:: Source material ::
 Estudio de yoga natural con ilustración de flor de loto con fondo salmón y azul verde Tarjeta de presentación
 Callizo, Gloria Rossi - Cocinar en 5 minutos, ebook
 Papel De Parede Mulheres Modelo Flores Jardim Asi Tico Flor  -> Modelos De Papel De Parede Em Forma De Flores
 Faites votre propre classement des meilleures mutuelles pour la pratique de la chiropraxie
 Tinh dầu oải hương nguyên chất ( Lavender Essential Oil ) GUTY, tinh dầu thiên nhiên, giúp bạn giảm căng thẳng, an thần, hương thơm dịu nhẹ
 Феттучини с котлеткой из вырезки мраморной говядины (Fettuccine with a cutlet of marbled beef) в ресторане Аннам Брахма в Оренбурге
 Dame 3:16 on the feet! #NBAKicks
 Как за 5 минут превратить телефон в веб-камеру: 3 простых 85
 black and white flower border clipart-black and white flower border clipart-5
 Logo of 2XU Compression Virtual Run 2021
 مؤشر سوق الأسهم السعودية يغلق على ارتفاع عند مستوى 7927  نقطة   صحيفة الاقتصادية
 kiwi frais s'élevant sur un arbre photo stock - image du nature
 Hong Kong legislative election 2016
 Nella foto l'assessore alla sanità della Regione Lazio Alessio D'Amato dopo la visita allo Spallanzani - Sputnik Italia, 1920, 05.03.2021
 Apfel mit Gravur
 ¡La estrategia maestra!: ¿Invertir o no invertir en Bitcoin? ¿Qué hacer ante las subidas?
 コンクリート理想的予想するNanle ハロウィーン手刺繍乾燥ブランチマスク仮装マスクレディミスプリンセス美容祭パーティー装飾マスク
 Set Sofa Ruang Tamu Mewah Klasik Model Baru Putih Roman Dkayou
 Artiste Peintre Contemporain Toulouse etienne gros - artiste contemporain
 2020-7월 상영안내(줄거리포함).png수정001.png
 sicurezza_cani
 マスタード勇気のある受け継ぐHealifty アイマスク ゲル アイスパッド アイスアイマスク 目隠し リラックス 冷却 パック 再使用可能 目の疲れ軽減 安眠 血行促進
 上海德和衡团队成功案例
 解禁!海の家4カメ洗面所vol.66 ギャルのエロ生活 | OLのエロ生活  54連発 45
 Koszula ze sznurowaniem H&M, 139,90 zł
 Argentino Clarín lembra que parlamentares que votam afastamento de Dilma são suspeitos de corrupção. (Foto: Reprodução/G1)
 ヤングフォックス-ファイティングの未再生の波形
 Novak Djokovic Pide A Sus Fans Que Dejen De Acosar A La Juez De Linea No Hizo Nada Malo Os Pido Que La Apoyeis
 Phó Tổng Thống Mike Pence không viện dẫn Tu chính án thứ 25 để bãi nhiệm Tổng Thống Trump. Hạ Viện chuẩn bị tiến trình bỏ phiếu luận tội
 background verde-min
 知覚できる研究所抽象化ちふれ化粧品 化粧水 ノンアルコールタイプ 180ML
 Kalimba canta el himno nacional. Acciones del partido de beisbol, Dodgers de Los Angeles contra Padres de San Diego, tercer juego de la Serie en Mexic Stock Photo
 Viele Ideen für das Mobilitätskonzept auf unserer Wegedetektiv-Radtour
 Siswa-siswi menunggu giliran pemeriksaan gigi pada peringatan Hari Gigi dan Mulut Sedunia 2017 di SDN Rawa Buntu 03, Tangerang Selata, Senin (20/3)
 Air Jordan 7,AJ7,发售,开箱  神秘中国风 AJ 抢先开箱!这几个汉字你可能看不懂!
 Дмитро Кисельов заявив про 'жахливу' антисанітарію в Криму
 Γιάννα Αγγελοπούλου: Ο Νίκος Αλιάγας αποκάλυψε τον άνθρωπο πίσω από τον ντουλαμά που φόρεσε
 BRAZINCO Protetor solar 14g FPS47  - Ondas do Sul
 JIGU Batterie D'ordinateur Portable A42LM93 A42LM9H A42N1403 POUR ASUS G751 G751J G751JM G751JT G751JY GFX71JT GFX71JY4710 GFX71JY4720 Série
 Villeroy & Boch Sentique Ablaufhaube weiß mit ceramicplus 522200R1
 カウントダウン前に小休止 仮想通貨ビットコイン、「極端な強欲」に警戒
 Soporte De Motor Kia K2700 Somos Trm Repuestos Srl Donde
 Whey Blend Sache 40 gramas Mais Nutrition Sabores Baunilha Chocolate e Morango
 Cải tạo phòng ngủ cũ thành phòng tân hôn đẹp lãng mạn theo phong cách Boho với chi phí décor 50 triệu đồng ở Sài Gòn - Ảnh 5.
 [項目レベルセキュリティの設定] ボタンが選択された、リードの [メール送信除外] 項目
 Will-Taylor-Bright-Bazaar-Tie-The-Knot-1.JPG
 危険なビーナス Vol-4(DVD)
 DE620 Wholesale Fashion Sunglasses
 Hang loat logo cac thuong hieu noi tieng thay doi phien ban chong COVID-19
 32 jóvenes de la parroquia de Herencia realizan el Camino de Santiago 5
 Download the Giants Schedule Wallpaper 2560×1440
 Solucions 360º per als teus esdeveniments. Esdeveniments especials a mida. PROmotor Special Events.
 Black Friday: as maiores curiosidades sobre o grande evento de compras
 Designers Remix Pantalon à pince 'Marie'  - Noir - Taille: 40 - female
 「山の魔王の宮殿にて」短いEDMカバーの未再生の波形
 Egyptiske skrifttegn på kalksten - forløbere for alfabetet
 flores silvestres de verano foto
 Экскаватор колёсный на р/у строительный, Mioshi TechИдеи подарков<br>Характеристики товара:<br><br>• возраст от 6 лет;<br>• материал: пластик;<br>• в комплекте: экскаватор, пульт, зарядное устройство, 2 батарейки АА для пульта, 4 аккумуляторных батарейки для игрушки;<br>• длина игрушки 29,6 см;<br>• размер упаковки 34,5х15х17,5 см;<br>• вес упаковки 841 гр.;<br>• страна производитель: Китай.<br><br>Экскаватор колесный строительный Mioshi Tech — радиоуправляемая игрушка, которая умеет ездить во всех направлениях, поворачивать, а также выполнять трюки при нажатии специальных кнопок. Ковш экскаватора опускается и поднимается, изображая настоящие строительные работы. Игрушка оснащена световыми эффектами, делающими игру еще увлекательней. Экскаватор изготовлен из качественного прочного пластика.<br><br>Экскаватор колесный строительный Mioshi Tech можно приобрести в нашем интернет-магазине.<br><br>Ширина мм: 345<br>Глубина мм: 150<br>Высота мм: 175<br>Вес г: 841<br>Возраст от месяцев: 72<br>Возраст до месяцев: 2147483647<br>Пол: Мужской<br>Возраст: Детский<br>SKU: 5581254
:::
_Activity_. Nothing may be omitted. Restate all of the entries exactly.

_Output of the task_.
 Estudio de yoga natural con ilustración de flor de loto con fondo salmón y azul verde Tarjeta de presentación
 Callizo, Gloria Rossi - Cocinar en 5 minutos, ebook
 Papel De Parede Mulheres Modelo Flores Jardim Asi Tico Flor  -> Modelos De Papel De Parede Em Forma De Flores
 Faites votre propre classement des meilleures mutuelles pour la pratique de la chiropraxie
 Tinh dầu oải hương nguyên chất ( Lavender Essential Oil ) GUTY, tinh dầu thiên nhiên, giúp bạn giảm căng thẳng, an thần, hương thơm dịu nhẹ
 Феттучини с котлеткой из вырезки мраморной говядины (Fettuccine with a cutlet of marbled beef) в ресторане Аннам Брахма в Оренбурге
 Dame 3:16 on the feet! #NBAKicks
 Как за 5 минут превратить телефон в веб-камеру: 3 простых 85
 black and white flower border clipart-black and white flower border clipart-5
 Logo of 2XU Compression Virtual Run 2021
 مؤشر سوق الأسهم السعودية يغلق على ارتفاع عند مستوى 7927  نقطة   صحيفة الاقتصادية
 kiwi frais s'élevant sur un arbre photo stock - image du nature
 Hong Kong legislative election 2016
 Nella foto l'assessore alla sanità della Regione Lazio Alessio D'Amato dopo la visita allo Spallanzani - Sputnik Italia, 1920, 05.03.2021
 Apfel mit Gravur
 ¡La estrategia maestra!: ¿Invertir o no invertir en Bitcoin? ¿Qué hacer ante las subidas?
 コンクリート理想的予想するNanle ハロウィーン手刺繍乾燥ブランチマスク仮装マスクレディミスプリンセス美容祭パーティー装飾マスク
 Set Sofa Ruang Tamu Mewah Klasik Model Baru Putih Roman Dkayou
 Artiste Peintre Contemporain Toulouse etienne gros - artiste contemporain
 2020-7월 상영안내(줄거리포함).png수정001.png
 sicurezza_cani
 マスタード勇気のある受け継ぐHealifty アイマスク ゲル アイスパッド アイスアイマスク 目隠し リラックス 冷却 パック 再使用可能 目の疲れ軽減 安眠 血行促進
 上海德和衡团队成功案例
 解禁!海の家4カメ洗面所vol.66 ギャルのエロ生活 | OLのエロ生活  54連発 45
 Koszula ze sznurowaniem H&M, 139,90 zł
 Argentino Clarín lembra que parlamentares que votam afastamento de Dilma são suspeitos de corrupção. (Foto: Reprodução/G1)
 ヤングフォックス-ファイティングの未再生の波形
 Novak Djokovic Pide A Sus Fans Que Dejen De Acosar A La Juez De Linea No Hizo Nada Malo Os Pido Que La Apoyeis
 Phó Tổng Thống Mike Pence không viện dẫn Tu chính án thứ 25 để bãi nhiệm Tổng Thống Trump. Hạ Viện chuẩn bị tiến trình bỏ phiếu luận tội
 background verde-min
 知覚できる研究所抽象化ちふれ化粧品 化粧水 ノンアルコールタイプ 180ML
 Kalimba canta el himno nacional. Acciones del partido de beisbol, Dodgers de Los Angeles contra Padres de San Diego, tercer juego de la Serie en Mexic Stock Photo
 Viele Ideen für das Mobilitätskonzept auf unserer Wegedetektiv-Radtour
 Siswa-siswi menunggu giliran pemeriksaan gigi pada peringatan Hari Gigi dan Mulut Sedunia 2017 di SDN Rawa Buntu 03, Tangerang Selata, Senin (20/3)
 Air Jordan 7,AJ7,发售,开箱  神秘中国风 AJ 抢先开箱!这几个汉字你可能看不懂!
 Дмитро Кисельов заявив про 'жахливу' антисанітарію в Криму
 Γιάννα Αγγελοπούλου: Ο Νίκος Αλιάγας αποκάλυψε τον άνθρωπο πίσω από τον ντουλαμά που φόρεσε
 BRAZINCO Protetor solar 14g FPS47  - Ondas do Sul
 JIGU Batterie D'ordinateur Portable A42LM93 A42LM9H A42N1403 POUR ASUS G751 G751J G751JM G751JT G751JY GFX71JT GFX71JY4710 GFX71JY4720 Série
 Villeroy & Boch Sentique Ablaufhaube weiß mit ceramicplus 522200R1
 カウントダウン前に小休止 仮想通貨ビットコイン、「極端な強欲」に警戒
 Soporte De Motor Kia K2700 Somos Trm Repuestos Srl Donde
 Whey Blend Sache 40 gramas Mais Nutrition Sabores Baunilha Chocolate e Morango
 Cải tạo phòng ngủ cũ thành phòng tân hôn đẹp lãng mạn theo phong cách Boho với chi phí décor 50 triệu đồng ở Sài Gòn - Ảnh 5.
 [項目レベルセキュリティの設定] ボタンが選択された、リードの [メール送信除外] 項目
 Will-Taylor-Bright-Bazaar-Tie-The-Knot-1.JPG
 危険なビーナス Vol-4(DVD)
 DE620 Wholesale Fashion Sunglasses
 Hang loat logo cac thuong hieu noi tieng thay doi phien ban chong COVID-19
 32 jóvenes de la parroquia de Herencia realizan el Camino de Santiago 5
 Download the Giants Schedule Wallpaper 2560×1440
 Solucions 360º per als teus esdeveniments. Esdeveniments especials a mida. PROmotor Special Events.
 Black Friday: as maiores curiosidades sobre o grande evento de compras
 Designers Remix Pantalon à pince 'Marie'  - Noir - Taille: 40 - female
 「山の魔王の宮殿にて」短いEDMカバーの未再生の波形
 Egyptiske skrifttegn på kalksten - forløbere for alfabetet
 flores silvestres de verano foto
 Экскаватор колёсный на р/у строительный, Mioshi TechИдеи подарков<br>Характеристики товара:<br><br>• возраст от 6 лет;<br>• материал: пластик;<br>• в комплекте: экскаватор, пульт, зарядное устройство, 2 батарейки АА для пульта, 4 аккумуляторных батарейки для игрушки;<br>• длина игрушки 29,6 см;<br>• размер упаковки 34,5х15х17,5 см;<br>• вес упаковки 841 гр.;<br>• страна производитель: Китай.<br><br>Экскаватор колесный строительный Mioshi Tech — радиоуправляемая игрушка, которая умеет ездить во всех направлениях, поворачивать, а также выполнять трюки при нажатии специальных кнопок. Ковш экскаватора опускается и поднимается, изображая настоящие строительные работы. Игрушка оснащена световыми эффектами, делающими игру еще увлекательней. Экскаватор изготовлен из качественного прочного пластика.<br><br>Экскаватор колесный строительный Mioshi Tech можно приобрести в нашем интернет-магазине.<br><br>Ширина мм: 345<br>Глубина мм: 150<br>Высота мм: 175<br>Вес г: 841<br>Возраст от месяцев: 72<br>Возраст до месяцев: 2147483647<br>Пол: Мужской<br>Возраст: Детский<br>SKU: 5581254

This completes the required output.